If we import that file, it provides the now()
function, but doesn't
print anything. That is, the part after the if
statement doesn't run.
APIs¶
An API is an Application Programming Interface, which means how one part of a multi-part program talks to another part.
The servertime
module is a ludicrously small example of that. When
we import
the servertime module into another Python file, we can
then use a function called servertime.now()
In general, a Python module might create a large set of functions, objects, classes and methods that the importing code can use to get something useful done.
Virtual Environments¶
The servertime.py
script imports the datetime
module, which is part of
the standard set of Python packages, so you can assume it's installed on
your system. However, if you need other packages installed, you'll either
need to be an administrator or use a virtual environment.

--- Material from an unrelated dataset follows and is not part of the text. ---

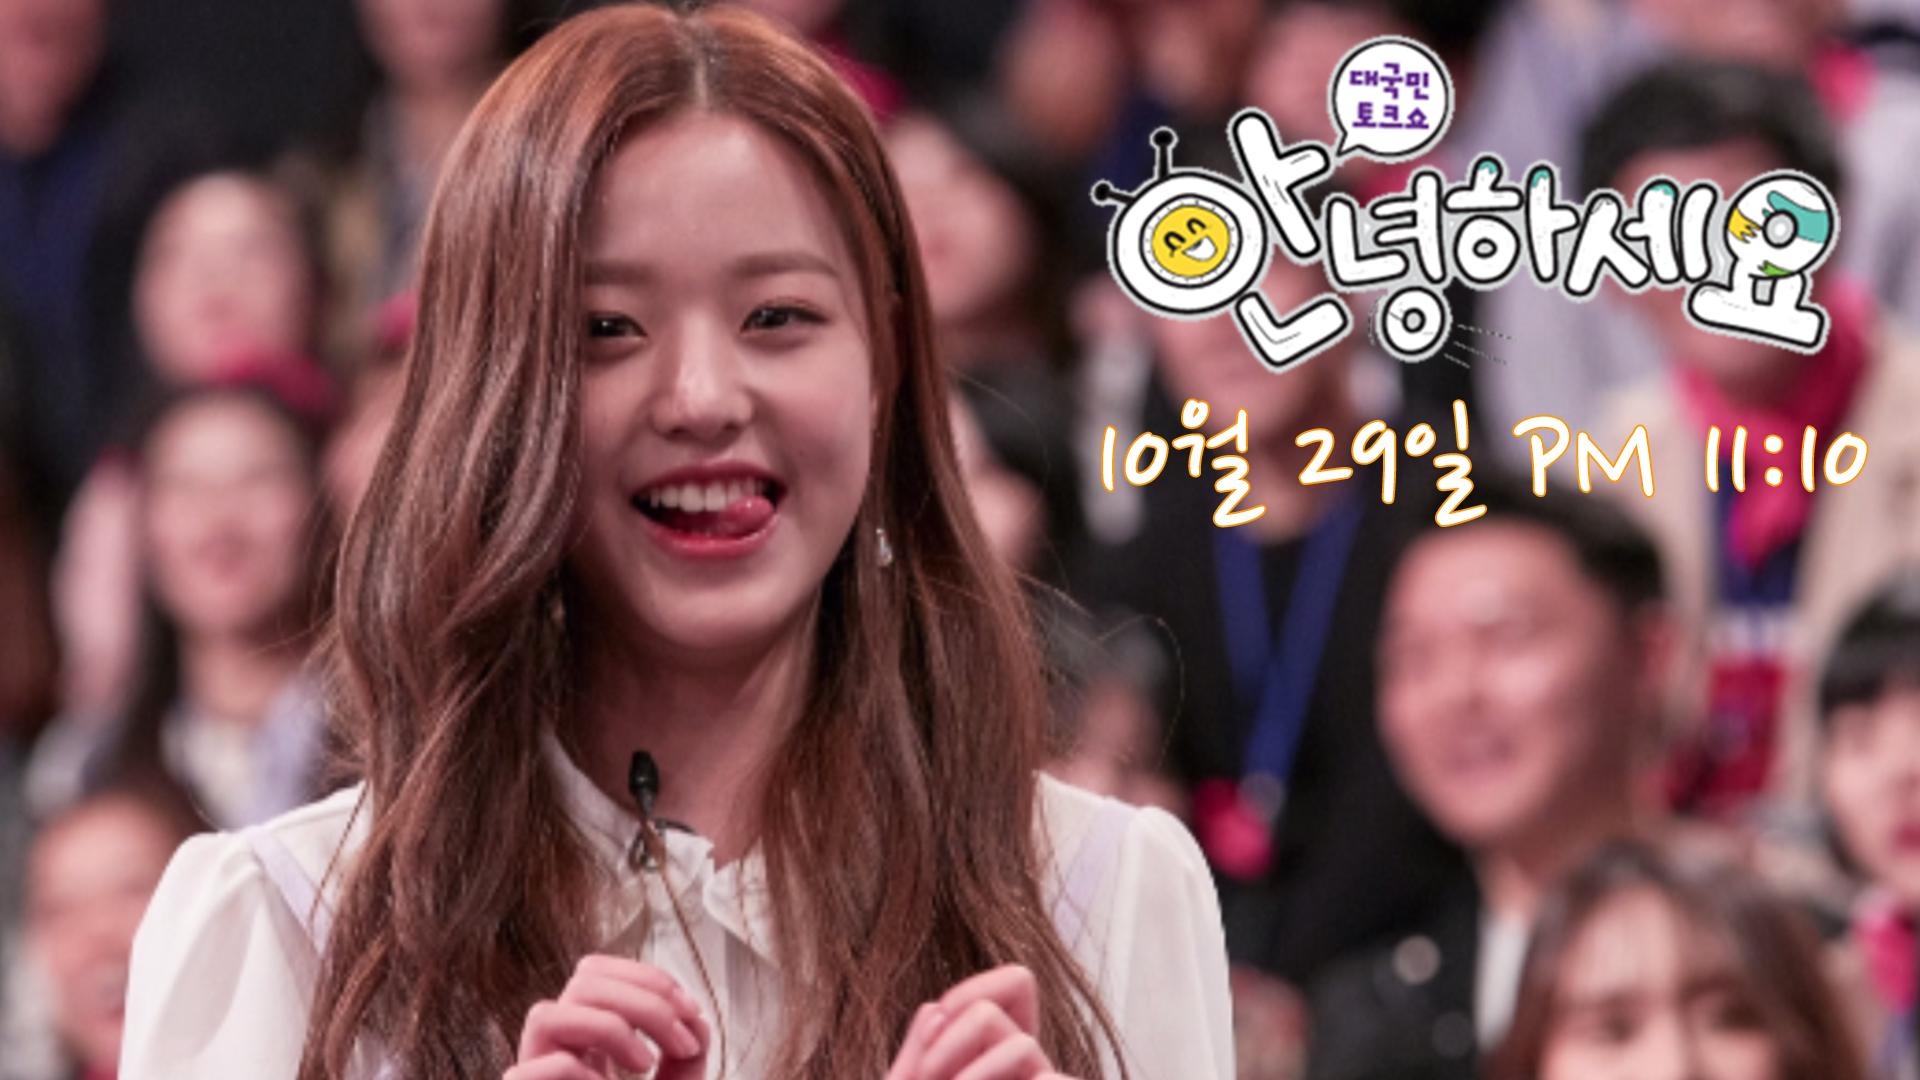 [안녕하세요] 아이즈원 원영x예나 깜짝 비하인드 선공개! 오늘밤 11:10 함께 해요☆

Here is more
on virtual environments.
We will use virtual environments in CS 304 and install pymysql
and
flask
(as well as some other packages that we will get to later).
Python Database Connection
Now that we know a little Python and we can import the PyMySQL module, we will turn to that module, which lets us talk to a database back end.
PyMySQL¶
PyMySQL is a Python module that provides functions, objects and methods (an API) to interact with a MySQL DBMS. You should certainly spend a little time with one of the following:
- PyMySQL tutorial at TutorialsPoint. This is readable and almost complete. Note that it sometimes refers to PyMySQL and sometimes to MySQLdb, which is a version of the module that works with Python 2. Treat the two terms as interchangeable.
- PyMySQL Official Documentation This is comprehensive, but a reference, not a tutorial. However, there is a User Guide with some nice examples.
Overview¶
To understand how we will will work with databases from Python, we need to learn the following:
- How to connect to the DBMS, either with username/password or with a credentials file
- How to use a particular database, either our own personal database
or WMDB, and eventually the project database. This is just like the
use
statement we employed in oursql
batch files - How to execute queries
- How to do prepared queries, which is a parameterized query, allowing parameters from untrusted sources.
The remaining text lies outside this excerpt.